Não existe nenhuma razão óbvia por que o câncer de mama em particular deveria ser tão resistente a novas terapias. Mas a situação é um dos exemplos mais claros da frustrante realidade da medicina de precisão hoje. Enquanto os laboratórios podem testar centenas de genes que foram relacionados ao câncer e apesar de os exames encontrarem possíveis culpados, muito frequentemente não há nada que possa ser feito.

“Como conceito, é lindo. Na prática, enfrentamos muitos obstáculos. A maioria dos cânceres de mama tem não uma, mas quatro, seis, dez, algumas vezes 15 ou 20 mutações. Então qual é a mutação principal e quais não são? É uma situação difícil”, diz Hortobagyi.

Mesmo que os investigadores tenham uma boa ideia de qual mutação perseguir, pode não haver um medicamento para bloqueá-la.

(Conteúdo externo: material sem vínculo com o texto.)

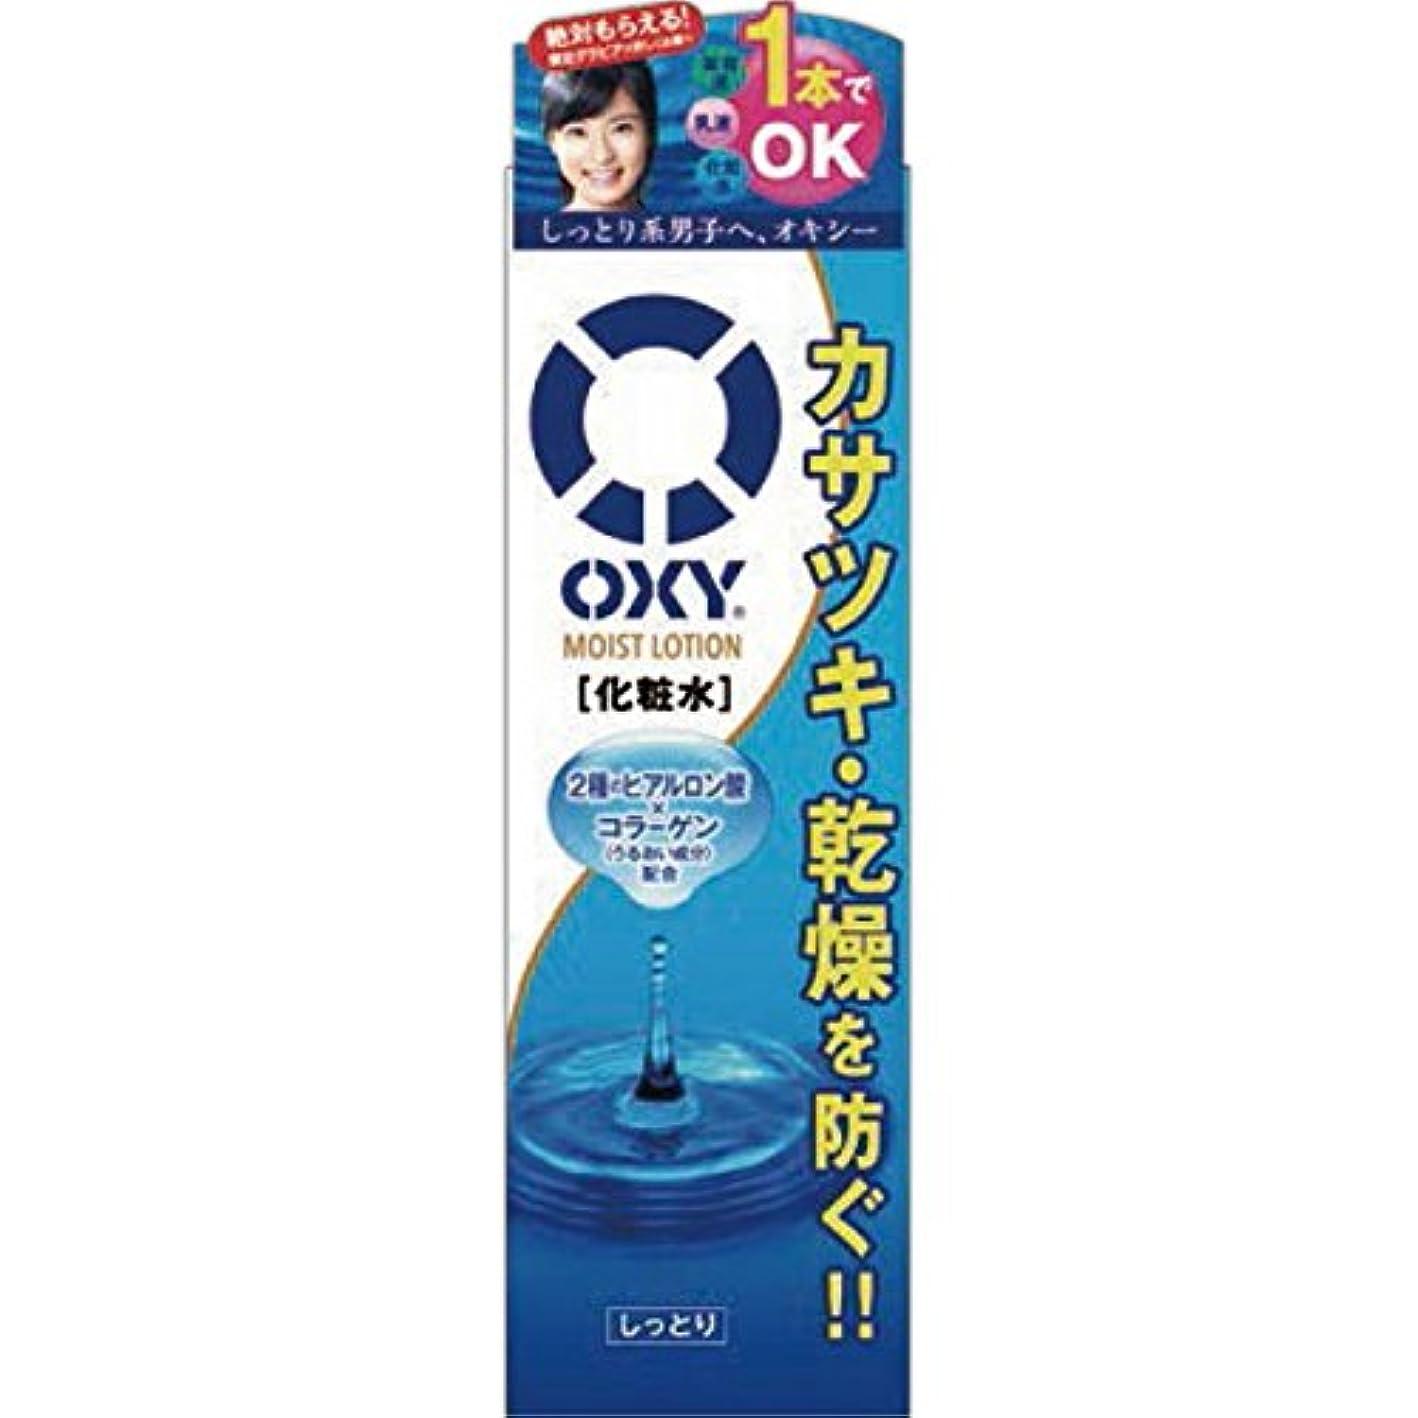 苦コストからかうオキシー (Oxy) モイストローション オールインワン化粧水 2種のヒアルロン酸×コラーゲン配合 ゼラニウムの香 170mL

Ou talvez haja um remédio sendo testado em um exame clínico, mas a mulher não é elegível porque, por exemplo, teve duas sessões de quimioterapia e as regras dizem que ela não poderia ter tido mais de uma.

Ou existe um remédio que foi aprovado para um câncer diferente, mas custa mais de US$ 100 mil por ano e o seguro saúde não paga. Algumas vezes, um medicamento que funciona contra uma mutação em um tipo de câncer também serve para essa mesma mutação em outro, mas algumas vezes não.

O doutor Norman Sharpless, diretor do Centro de Câncer Geral Lineberger da Carolina do Norte, estima que talvez uma em cada mil mulheres com câncer de mama avançado poderá se beneficiar usando os medicamentos aprovados e experimentais que existem hoje. “Poucas conseguem benefícios incríveis, mas quando as pacientes chegam esperando uma cura, a maioria fica desapontada”, conta ele.

Elizabeth E. Campbell, no entanto, tem confiança de que um dia os exames genéticos para cânceres de mama vão dar frutos. Hoje, diz ela, os oncologistas ficam em uma situação difícil. Eles não sabem nem se deveriam sugerir os exames genéticos. “Estamos tentando encontrar caminhos de esperança que não sejam só propaganda”, afirma ela.